Asset/Liability Model Validation and Verification
If your institution currently uses either a bond dealer sponsored or outsourced ALM solution, R2Metrics can perform various services to improve the model’s accuracy and ensure regulatory compliance of model assumptions.
Level 1 Validation
- Validation of the Asset/Liability report information by comparing category balances for the ALM report to the Financial Institution’s general ledger.
- Review the chart of accounts and underlying integrity of data used in the primary report.
- A comparison of bond portfolio market value sensitivity estimates to ALM report forecasts.
- A review of all important assumptions underlying model results – including loan betas and applicable prepayment speeds, as well as deposit betas, decay rates, and early redemption methodology.
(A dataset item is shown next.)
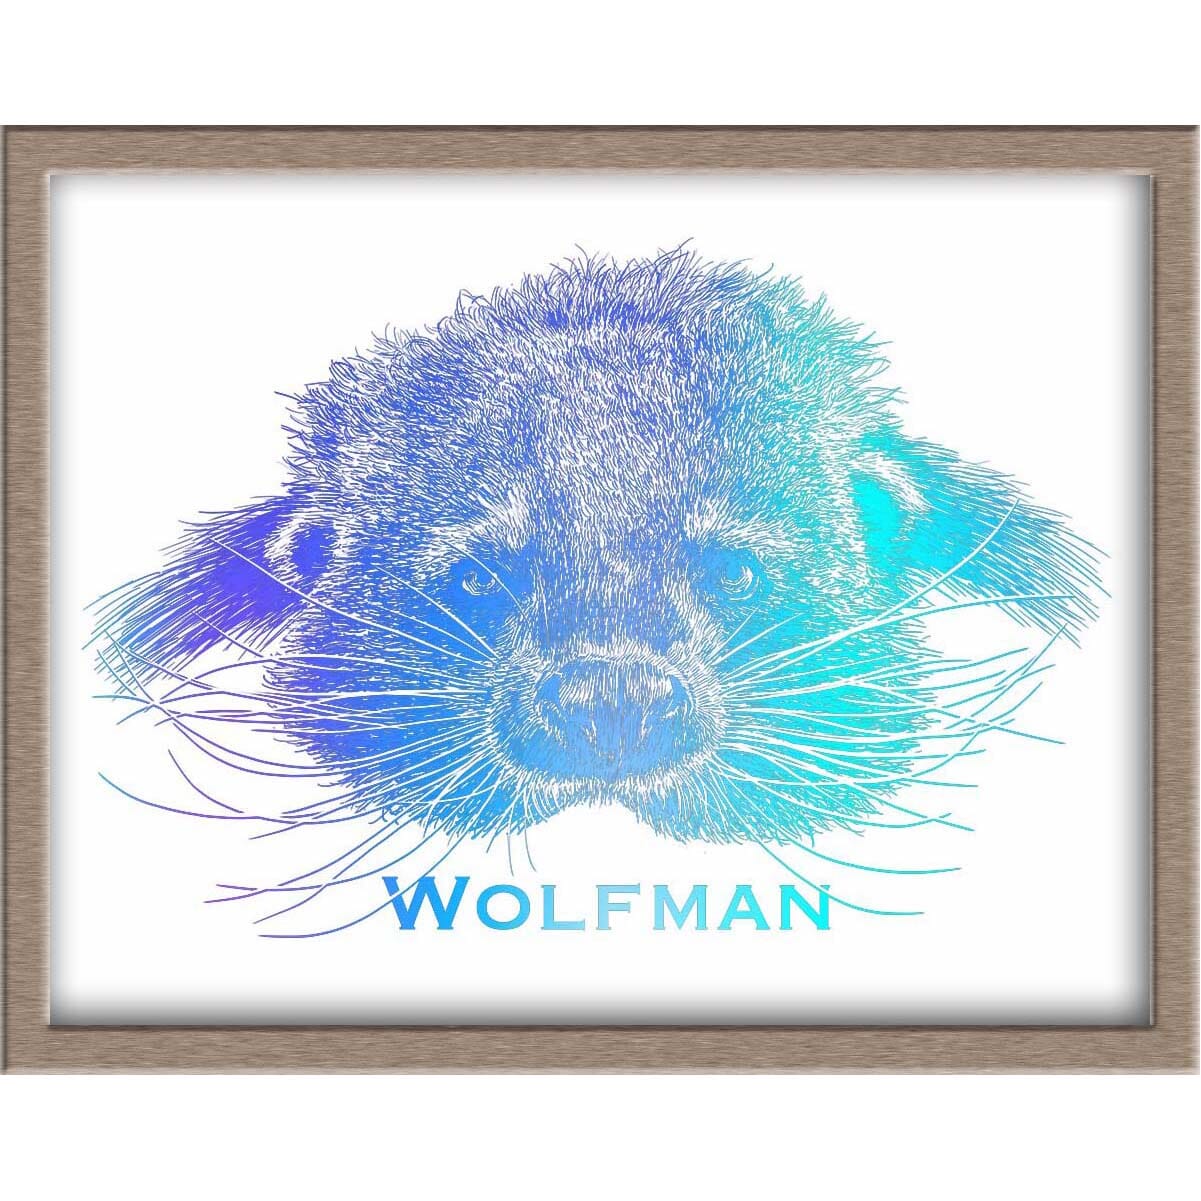 Wolfman the Binturong Foiled Print | Donation to wildlife sanctuary Wild Wonders Posters, Prints, & Visual Artwork JoyousJoyfulJoyness

Compare current funding composition to historical periods of 2006/2007 to estimate migration from lower yielding non-maturity deposits into higher yielding CD’s in the event that interest rates increase.
- Back testing of the Asset/Liability report by comparing projections of asset yields and liability costs to model forecasts from one year ago.
- Verification of the Asset/Liability report’s compliance with the Financial Institution’s Asset/Liability Management Policy and review of the Policy to ensure that it is in compliance with the latest regulatory statements.
- Highlight potential modeling issues that may potentially impact overall model accuracy.
Level 2 Validation
- Verify accuracy of the ALM report by running parallel R2Metrics ALM model and comparing asset yield, liability cost and net interest margin sensitivity forecasts under different interest rate shock scenarios, as well as changes in market value of equity. R2Metrics will provide a summary opinion letter with supporting tables detailing modeling discrepancies as well as the likely causes of these discrepancies and suggestions for corrective action.
Assumption Stress Testing
- Once the base case ALM report is complete, R2Metrics will rerun the model in order to stress test key assumptions. Key assumptions include but are not limited to loan CPRs, loan and deposit betas, CD early redemption penalties, non-maturity deposit decay rates, and flattening the yield curve.